Radio & Television News was a magazine for professionals and the editors wanted to create a magazine for hobbyists. Ziff-Davis had started Popular Aviation in 1927 and Popular Photography in 1934 but found that Gernsback Publications had the trademark on Popular Electronics. It was used in Radio-Craft from 1943 until 1948. Ziff-Davis bought the trademark and started Popular Electronics with the October 1954 issue.

Many of the editors and authors worked for both Ziff-Davis magazines. Initially Oliver Read was the editor of both Radio & Television News and Popular Electronics. Read was promoted to Publisher in June 1956. Oliver Perry Ferrell took over as editor of Popular Electronics and William A. Stocklin became editor of Radio & Television News. In Radio & TV News John T. Frye wrote a column on a fictional repair shop where the proprietor, Mac, would interact with other technicians and customers. The reader would learn repair techniques for servicing radios and TVs. In Popular Electronics his column was about two high school boys, Carl and Jerry. Each month the boys would have an adventure that would teach the reader about electronics.

By 1954 building audio and radio kits was a growing pastime. Heathkit and many others offered kits that included all of the parts with detailed instructions. The premier cover shows the assembly of a Heathkit A-7B audio amplifier. Popular Electronics would offer projects that were built from scratch; that is, the individual parts were purchased at a local electronics store or by mail order. The early issues often showed these as father and son projects.
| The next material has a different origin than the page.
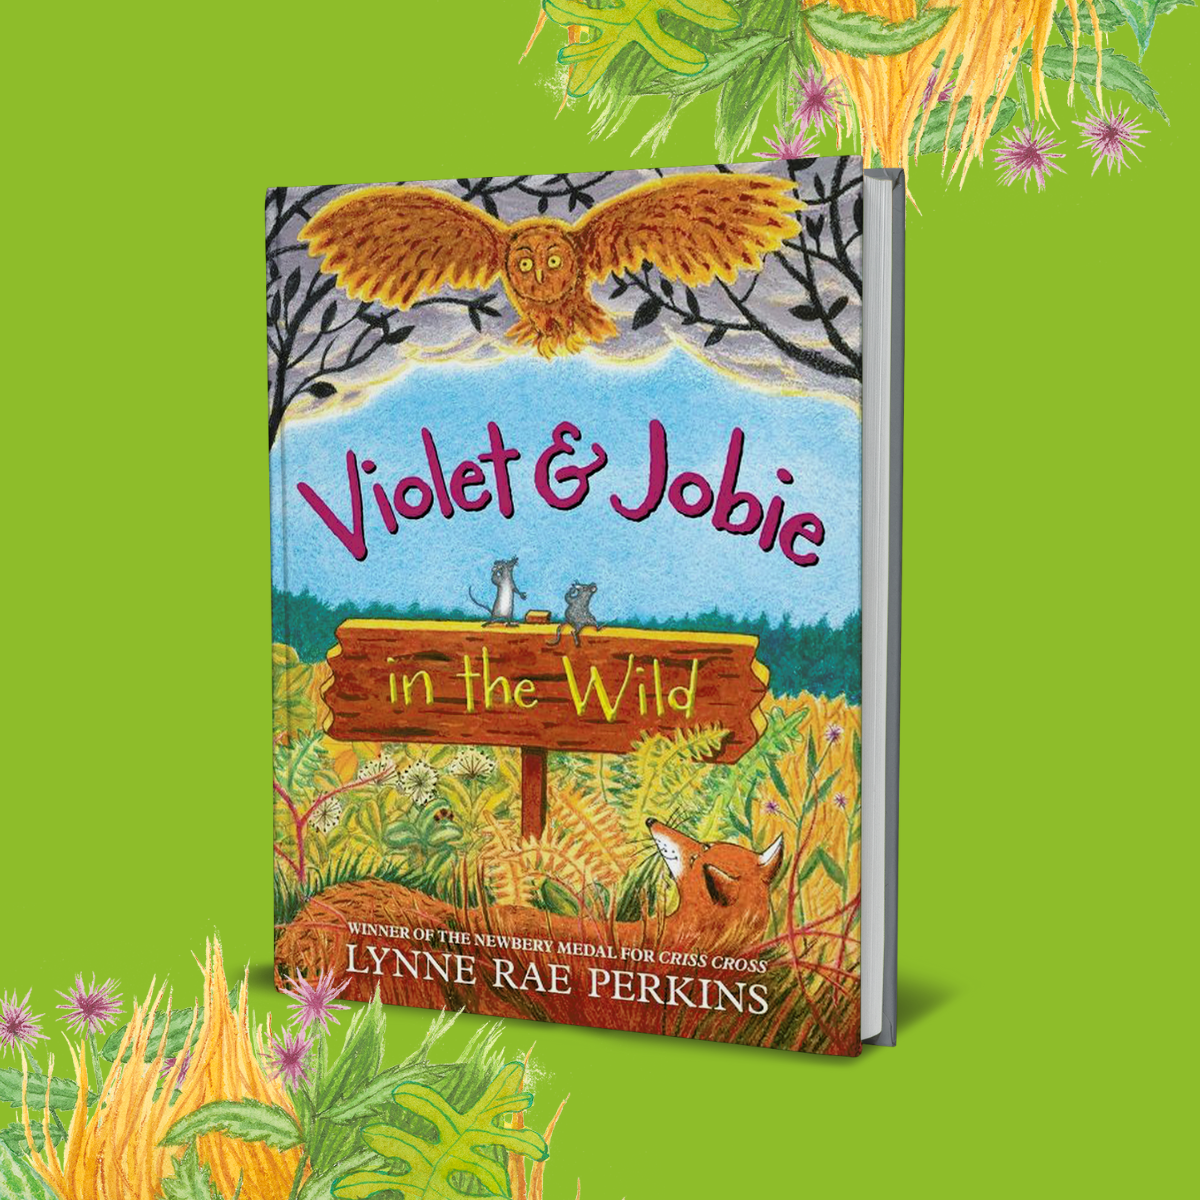 Book cover of Violet and Jobie in the Wild By Lynne Rae Perkins on a green background.

Most of the early projects used vacuum tubes, as transistors (which had just become available to hobbyists) were expensive: the small-signal Raytheon CK722 transistor was US$3.50 in the December 1954 issue, while a typical small-signal vacuum tube (the 12AX7) was $0.61. Lou Garner wrote the feature story for the first issue, a battery-powered tube radio that could be used on a bicycle. Later he was given a column called Transistor Topics (June 1956). Transistors soon cost less than a dollar and transistor projects became common in every issue of Popular Electronics. The column was renamed to Solid State in 1965 and ran under his byline until December 1978.

==Typical 1962 issue==
The July 1962 issue had 112 pages, the editor was Oliver P. Ferrell and the monthly circulation was 400,000. The magazine had a full page of electronics news that was called "POP'tronics News Scope." In January 2000 a successor magazine was renamed Poptronics. In the 1960s, Fawcett Publications had a competing magazine, Electronics Illustrated.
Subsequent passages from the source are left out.